LongVideoBench: A Benchmark for Long-context Interleaved Video-Language Understanding
- URL: http://arxiv.org/abs/2407.15754v1
- Date: Mon, 22 Jul 2024 16:00:55 GMT
- Title: LongVideoBench: A Benchmark for Long-context Interleaved Video-Language Understanding
- Authors: Haoning Wu, Dongxu Li, Bei Chen, Junnan Li,
- Abstract summary: LongVideoBench is a question-answering benchmark that features video-language interleaved inputs up to an hour long.
Our benchmark includes 3,763 varying-length web-collected videos with their subtitles across diverse themes.
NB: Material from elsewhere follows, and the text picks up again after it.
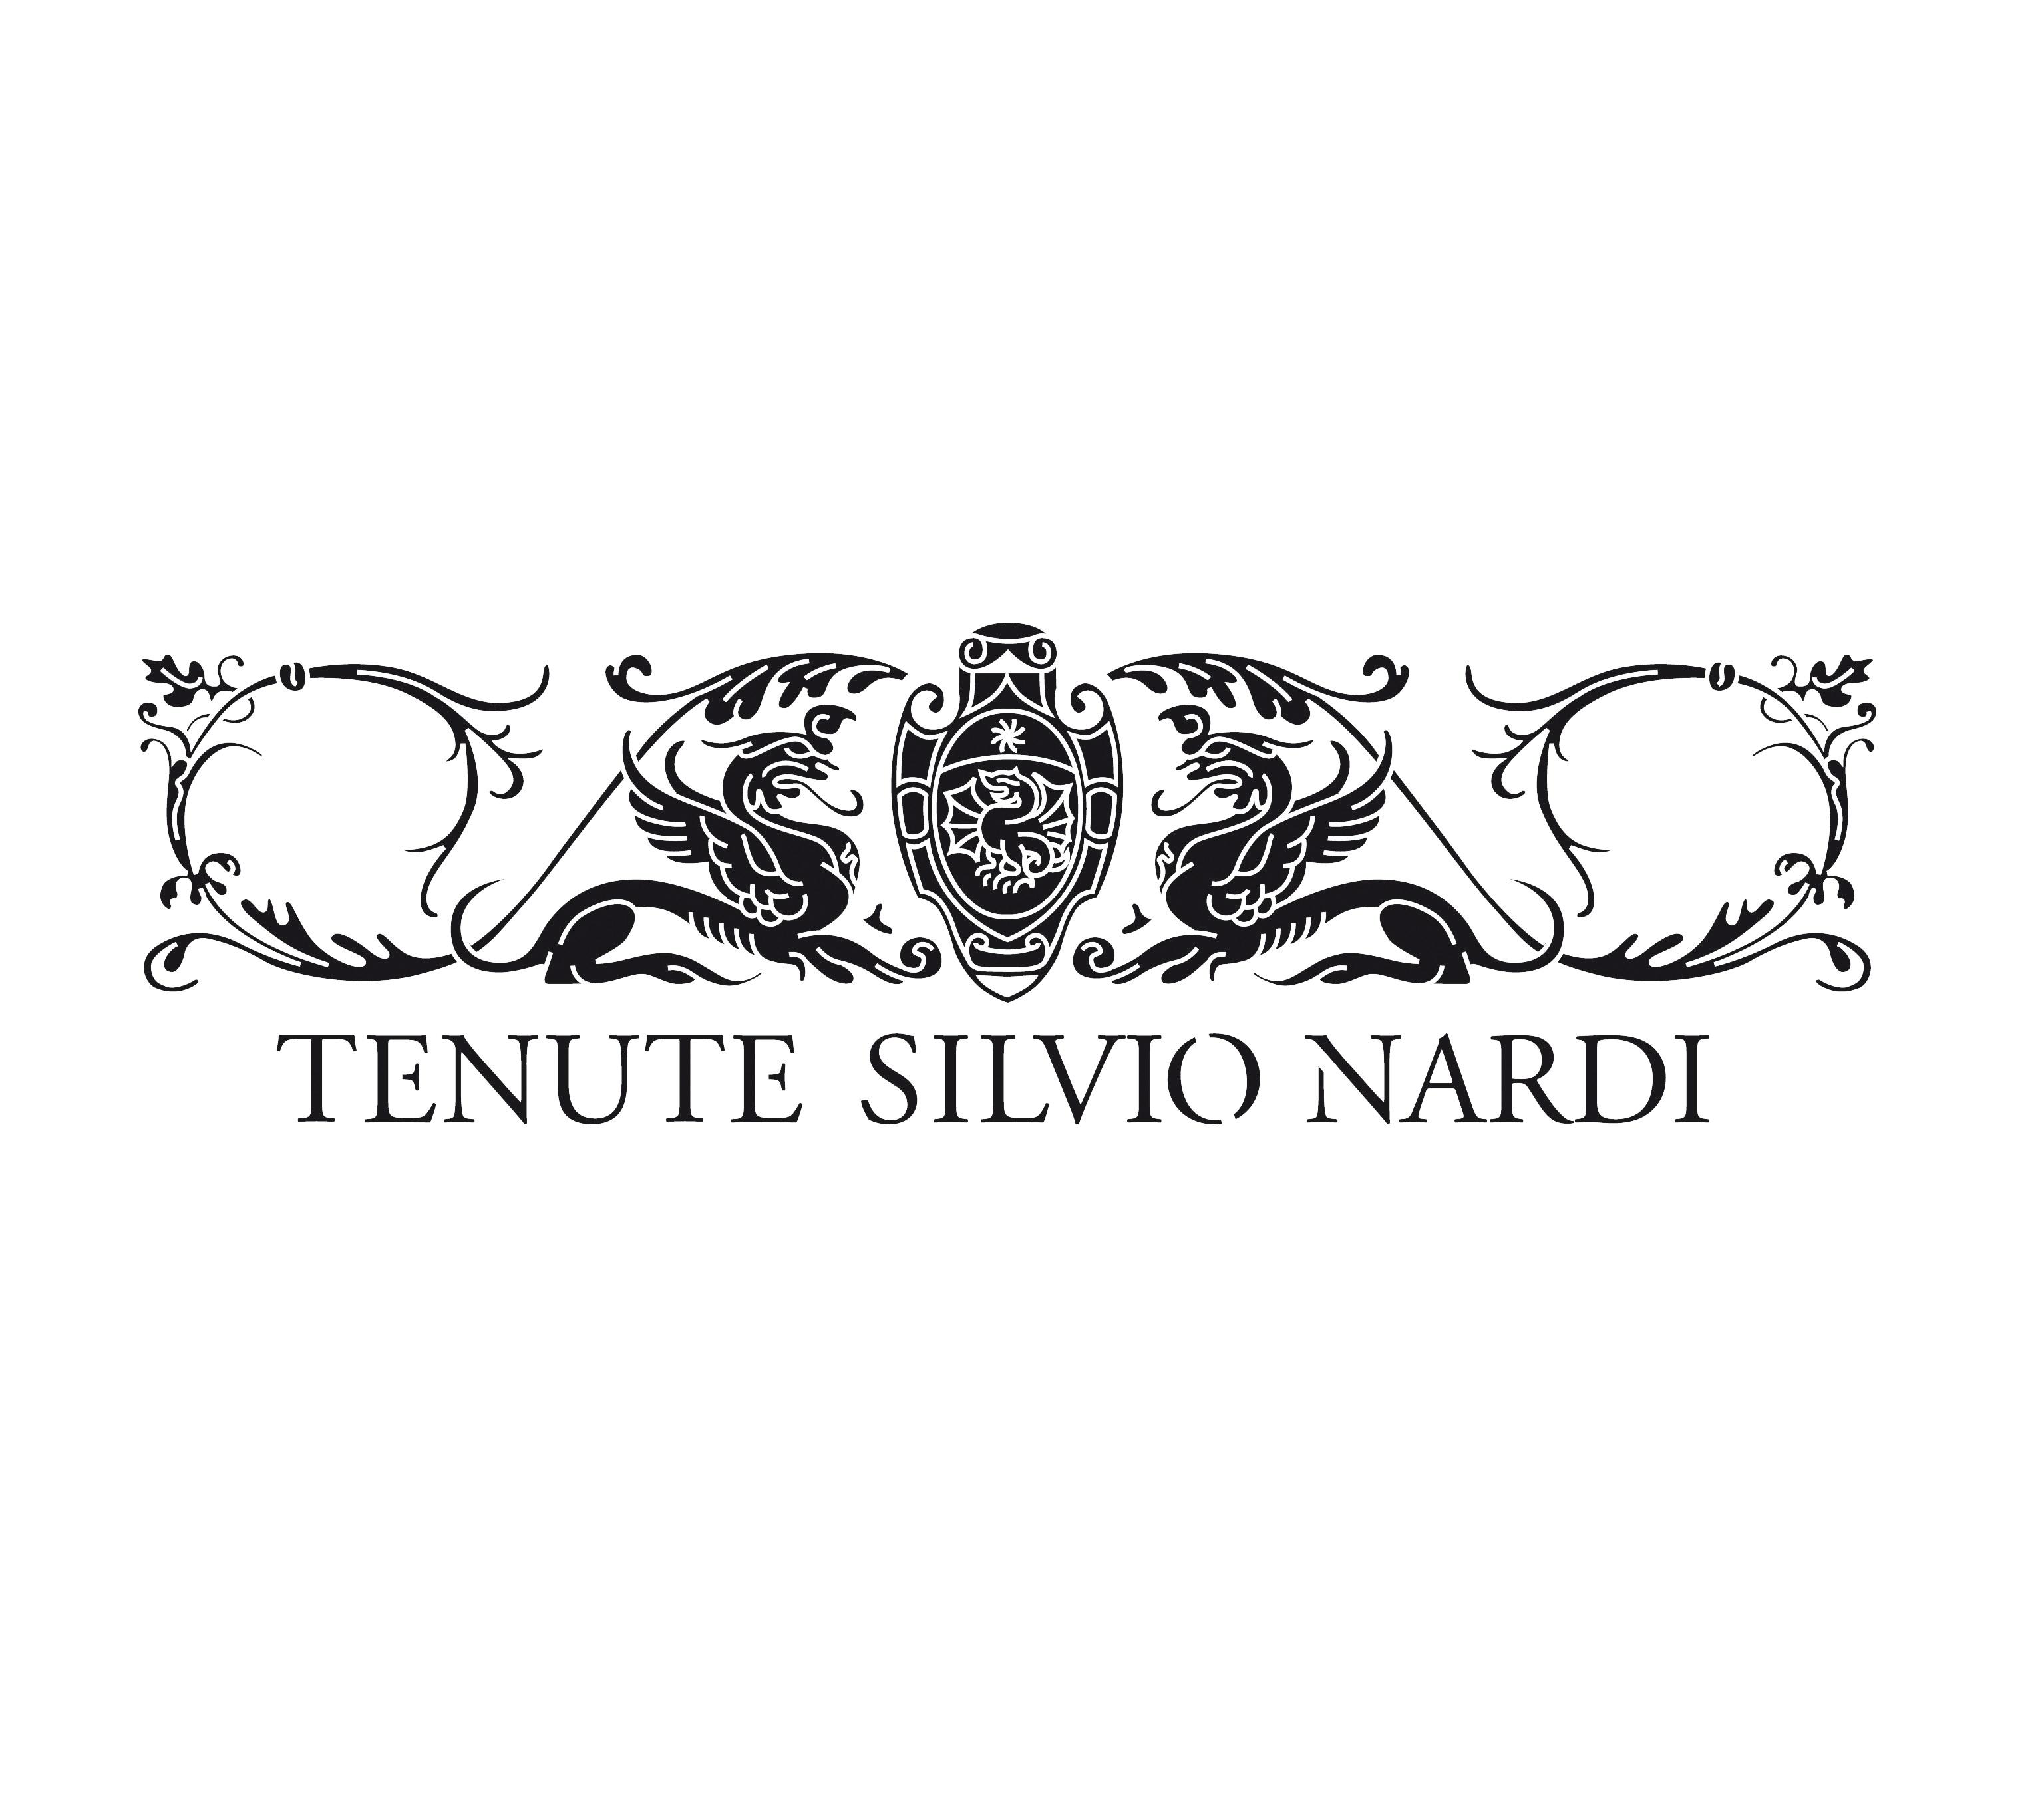 Tenute Silvio Nardi

We formulate a novel video question-answering task termed referring reasoning.
- Score: 41.9477837230283
- License: http://creativecommons.org/licenses/by-nc-sa/4.0/
- Abstract: Large multimodal models (LMMs) are processing increasingly longer and richer inputs. Albeit the progress, few public benchmark is available to measure such development. To mitigate this gap, we introduce LongVideoBench, a question-answering benchmark that features video-language interleaved inputs up to an hour long. Our benchmark includes 3,763 varying-length web-collected videos with their subtitles across diverse themes, designed to comprehensively evaluate LMMs on long-term multimodal understanding. To achieve this, we interpret the primary challenge as to accurately retrieve and reason over detailed multimodal information from long inputs. As such, we formulate a novel video question-answering task termed referring reasoning. Specifically, as part of the question, it contains a referring query that references related video contexts, called referred context. The model is then required to reason over relevant video details from the referred context. Following the paradigm of referring reasoning, we curate 6,678 human-annotated multiple-choice questions in 17 fine-grained categories, establishing one of the most comprehensive benchmarks for long-form video understanding. Evaluations suggest that the LongVideoBench presents significant challenges even for the most advanced proprietary models (e.g. GPT-4o, Gemini-1.5-Pro, GPT-4-Turbo), while their open-source counterparts show an even larger performance gap. In addition, our results indicate that model performance on the benchmark improves only when they are capable of processing more frames, positioning LongVideoBench as a valuable benchmark for evaluating future-generation long-context LMMs.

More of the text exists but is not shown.